My chest tightened again. It was about choosing something I hadn’t planned for. Something that didn’t fit into the structure I had built my life around. Something that required trust. And that word alone made me tense, because trust meant risk. It meant uncertainty. It meant stepping into something without knowing exactly how it would end. And I hated that.

But right now, sitting here in a quiet apartment with nothing but my own thoughts, I realized something I hadn’t been willing to admit before. I didn’t want to walk away from him.

I sat up slowly. The room felt different like everything had settled enough for me to finally hear what I had been avoiding. And the answer wasn’t clean. It wasn’t logical. It didn’t come with a clear outcome or a guaranteed result. It was just a feeling.

I stood up and walked out of my room. I didn’t overthink it. I didn’t plan what I was going to say, because I didn’t have anything prepared. He was in the lounge, sitting on the sofa, leaning back slightly, one arm resting along the backrest. The TV was on, but muted, like he wasn’t really watching it, just existing in the space.

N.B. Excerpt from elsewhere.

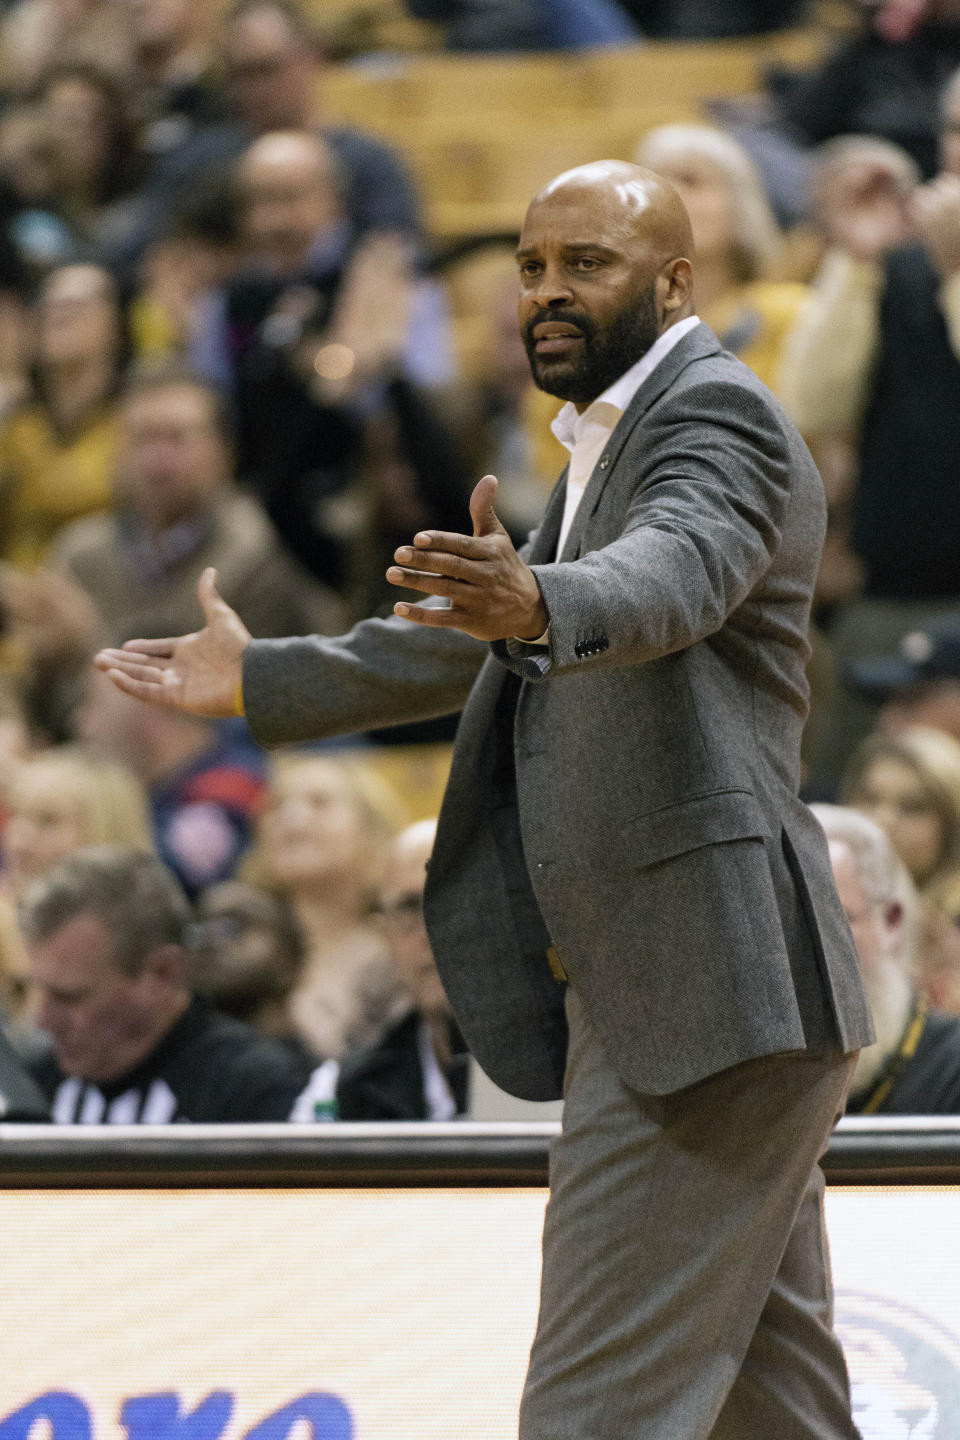 Missouri head coach Cuonzo Martin looks for a call during the second half of an NCAA college basketball game against Mississippi Tuesday, Feb. 18, 2020, in Columbia, Mo. Missouri won 71-68.(AP Photo/L.G. Patterson)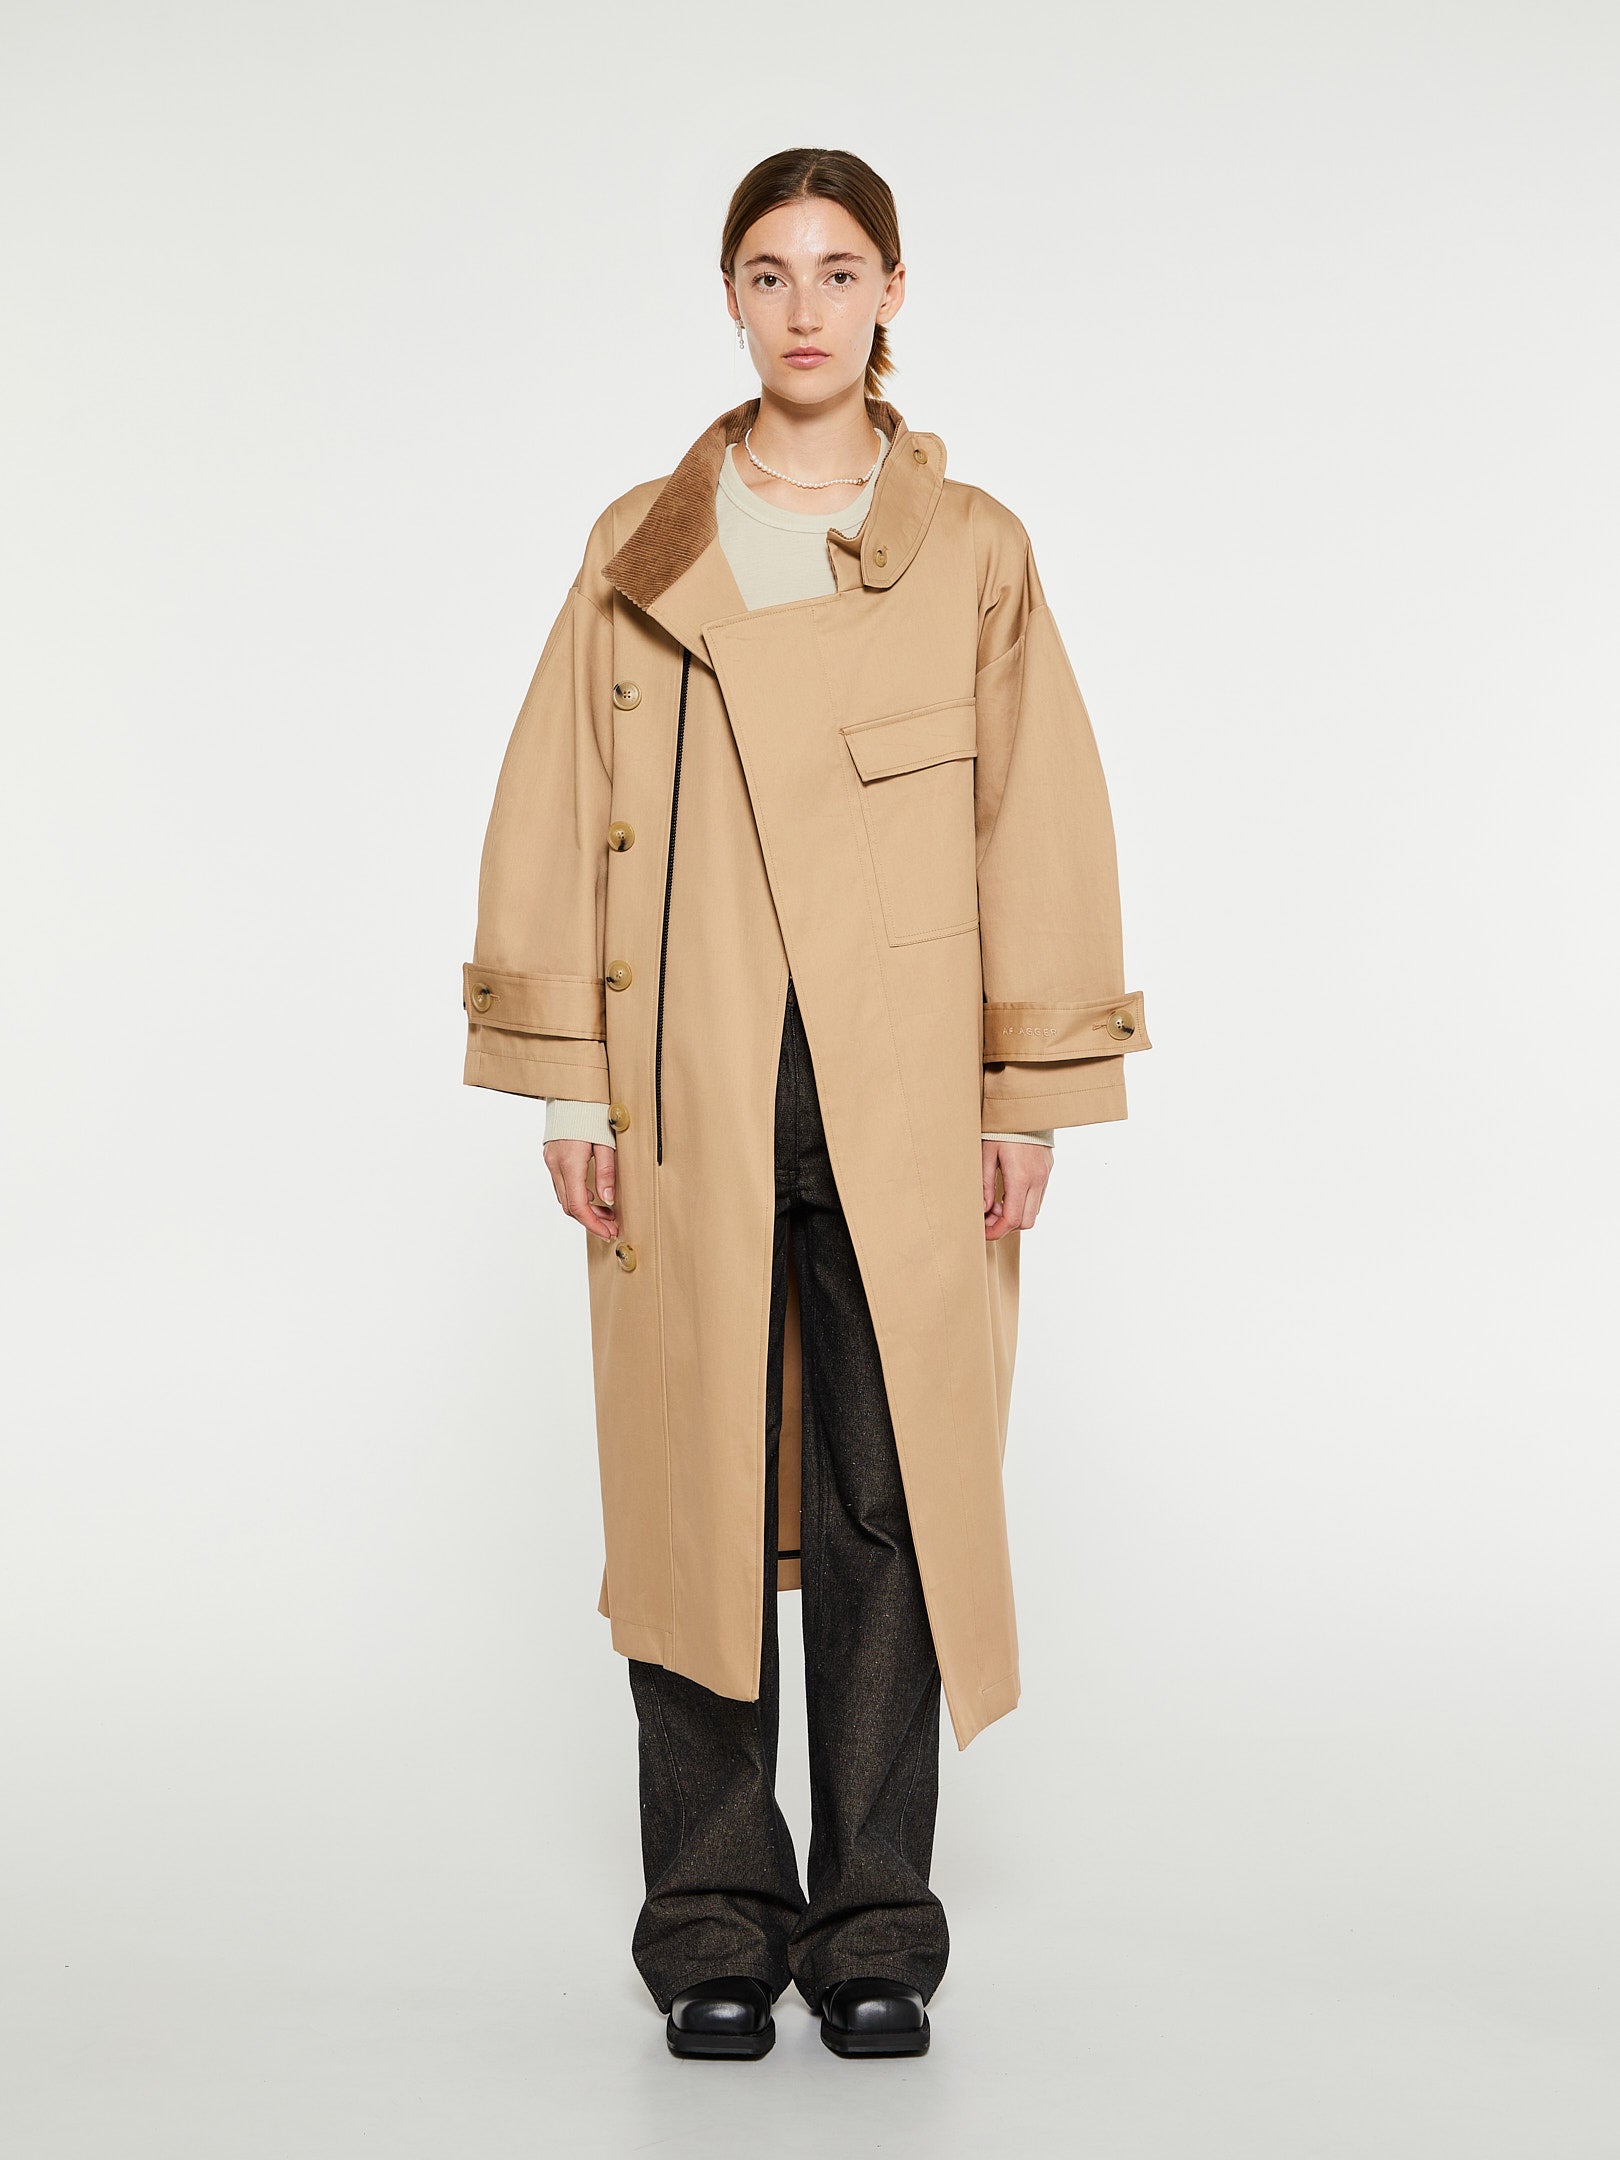 Coats & Jackets for women Shop | the at selection stoy

He looked up when he heard me, our eyes met. He didn’t speak and he didn’t ask what I was doing. He just watched and waited, giving me space and I realized something. He always gave me space, not distance. There was a difference. Distance pushed people away. Space let them come closer on their own. And I was the one who needed that, not him.

I walked towards the sofa. He shifted slightly, sitting up a bit straighter as I got closer. We were still silent. He was still letting me decide what this moment would be.

I stopped for a second before I sat down next to him. We were close but not touching. He didn’t react immediately and he didn’t make a comment. He didn’t turn it into something bigger. There was no external pressure. It was just us in a quiet room, choosing to sit here together.

I exhaled slowly. My shoulders relaxing slightly in a way I hadn’t noticed all day. He glanced at me like he was making sure I was okay. “I tried to make a plan,” I said. My voice was quiet, but steady.

“What kind of plan?”

“Distance.”

He didn’t react, he just listened. “Professional boundaries. Reduced interaction. All of it.”

“And?”

“I couldn’t finish it.”

That got a small shift from him. More like understanding. “Why not?” he asked.

I stared straight ahead at nothing in particular, because looking at him made this harder to say. “Because it didn’t feel real. I kept writing things that made sense,” I continued. “Things I should do. Things that would make this easier.”

“And?”

“And none of them felt right.” I let out a quiet breath. “Because they all assumed something that isn’t true anymore.”

He turned his head slightly, looking at me more directly now. “What’s that?”

“That this doesn’t matter.”

The words settled between us, because they were true. I meant them. And because saying them out loud changed something. He didn’t respond immediately. He didn’t rush to fill the silence like he understood the weight of it like he wasn’t going to minimize it by reacting too quickly. “I don’t know what this is,” I admitted. “But I know I don’t want to ignore it.” That was new. That was the part I hadn’t said before. The part I hadn’t fully allowed myself to acknowledge. And now that it was out. There was no taking it back.

He exhaled slowly beside me. “Okay,” he said. And something in my chest loosened, because I didn’t need him to define it. I didn’t need him to fix it. I just needed him to understand that I wasn’t running.

We sat there for a while. I didn’t feel like I was balancing two separate worlds. I didn’t feel like I had to choose between control and chaos. I felt at ease, because this choice, this quiet, unplanned, completely illogical choice, was the first one that felt entirely mine.